Ich hebe kurz die Maske an, ziehe sie aber genauso schnell wieder hinunter. Es gibt einen Grund, warum ich heute inkognito unterwegs bin.

„Bist du alleine?“, fragt sie schneidend. Ich ziehe eine Grimasse, bis mir einfällt, dass sie meine Mimik nicht sehen kann, also schüttele ich den Kopf und setze zu einer Antwort an.

Genau in dem Augenblick lösen sich zwei weitere Schatten aus den Straßen Saffronias.

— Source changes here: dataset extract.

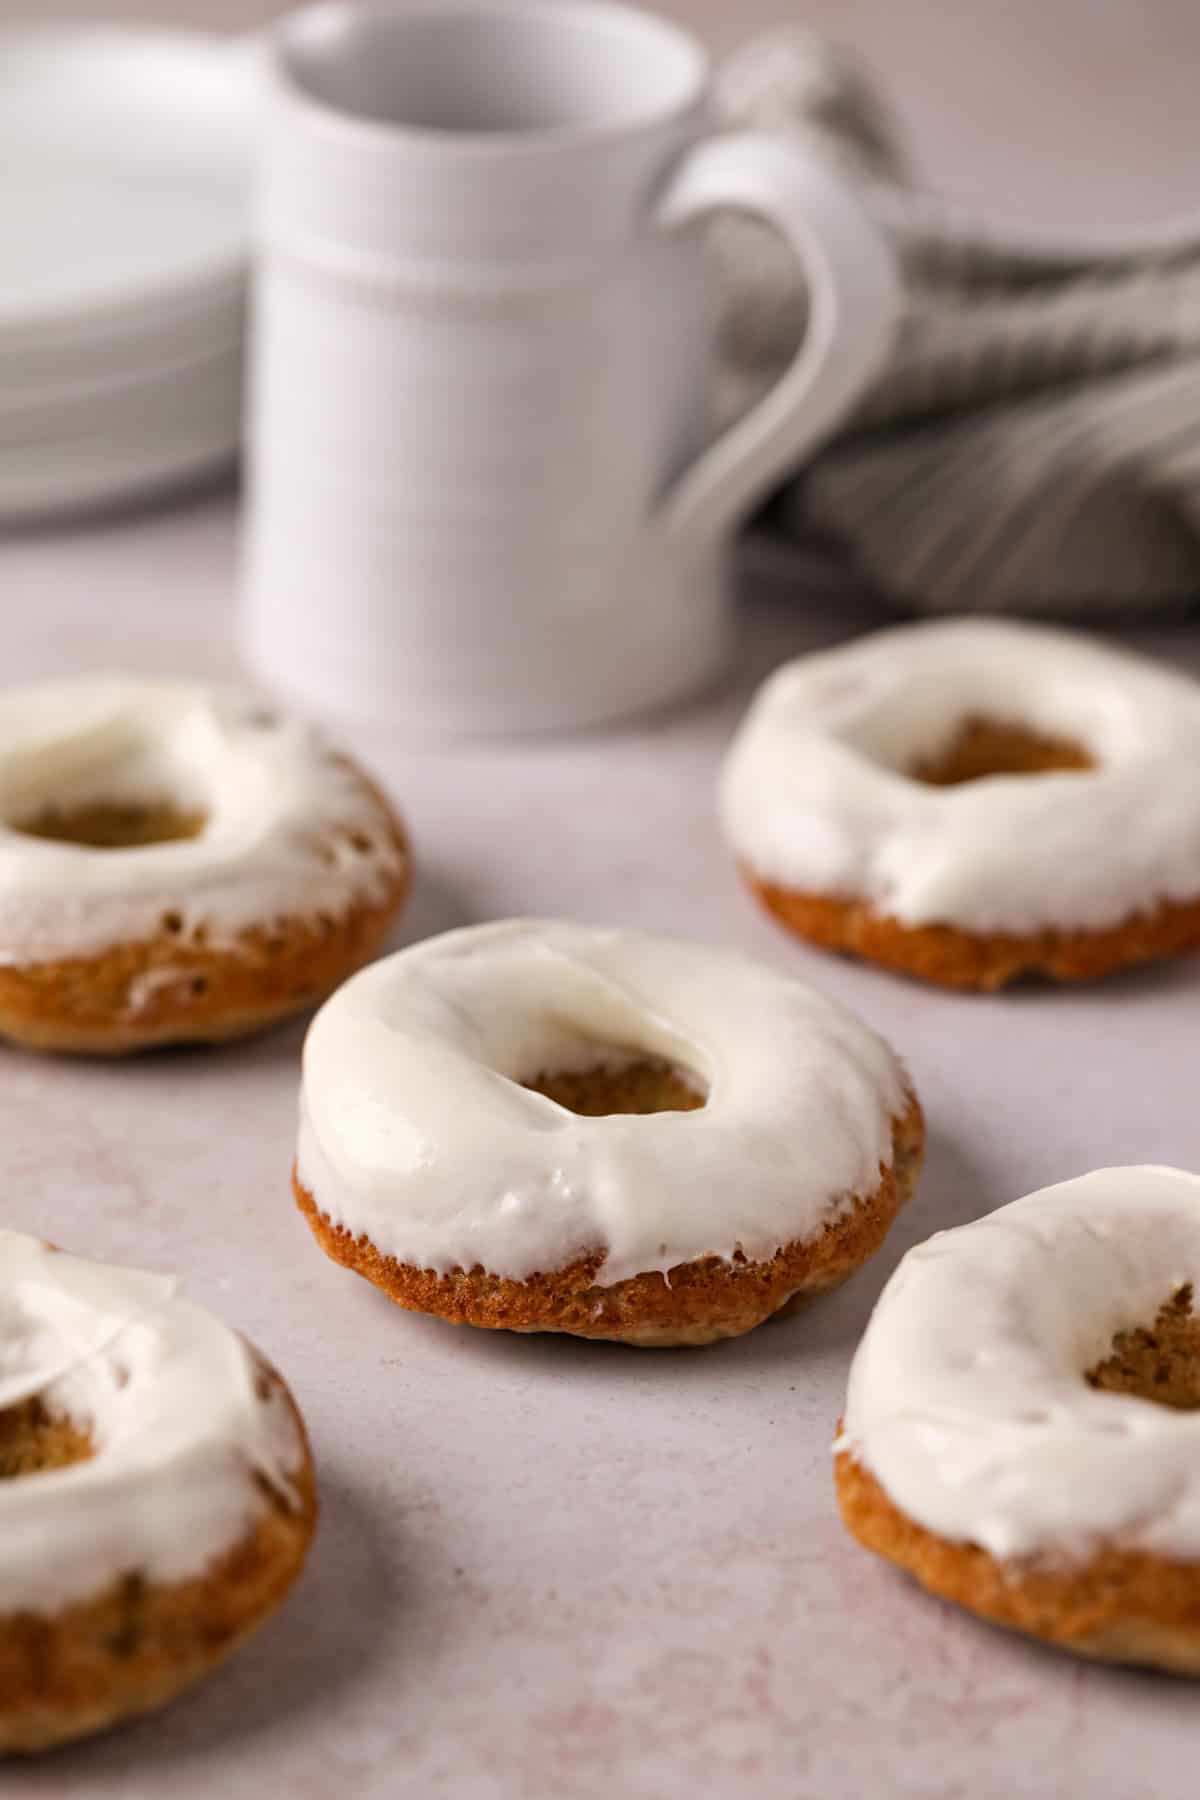 Cream cheese glazed baked banana donuts on a flat surface.

„Ist sie nicht“, sagt Dark seelenruhig und kommt näher. Er trägt schwarz, wie immer, aber sein Gesicht ist von der Zwottroninmaske verdeckt, die er damals aus meinem Rucksack gefischt hat. Sein blassblaues Haar steht in Kontrast zu dem dunkleren Blau des Plastiks, das nur von den weißen Linien auf der Wangenpartie unterbrochen ist, die wohl die Schnurrbarthaare des Wasserpokémons darstellen sollen.

Louis taucht nur einige Momente nach ihm auf und gesellt sich rasch zu mir. Er scheint sich für eine Wiesormaske  und Kleider entschieden zu haben, die er sich von Valentin geliehen hat.

Ich wende meinen Blick ab und schaue zurück zu Holly, die unsere Gruppe misstrauisch mustert.

„Du bist also der Trainer, den Abby so angepriesen hat“, sagt sie schließlich, auch wenn ihr ein Kommentar über unsere Verkleidung auf der Zunge zu liegen scheint. „Ich hoffe auf gute Zusammenarbeit. Mit wem habe ich das Vergnügen?“

„Ich würde bevorzugen, meinen Name vorerst geheimzuhalten“, sagt Dark. „Zumindest für den heutigen Abend.“

Holly zieht die Augenbrauen hoch, sagt aber nichts. Schließlich wendet sie sich mir zu. „Folgt mir. Ich erkläre unser Vorgehen unterwegs.“ Gemeinsam durchqueren wir das Durchgangshäuschen und lauschen ihrer gedämpften Stimme.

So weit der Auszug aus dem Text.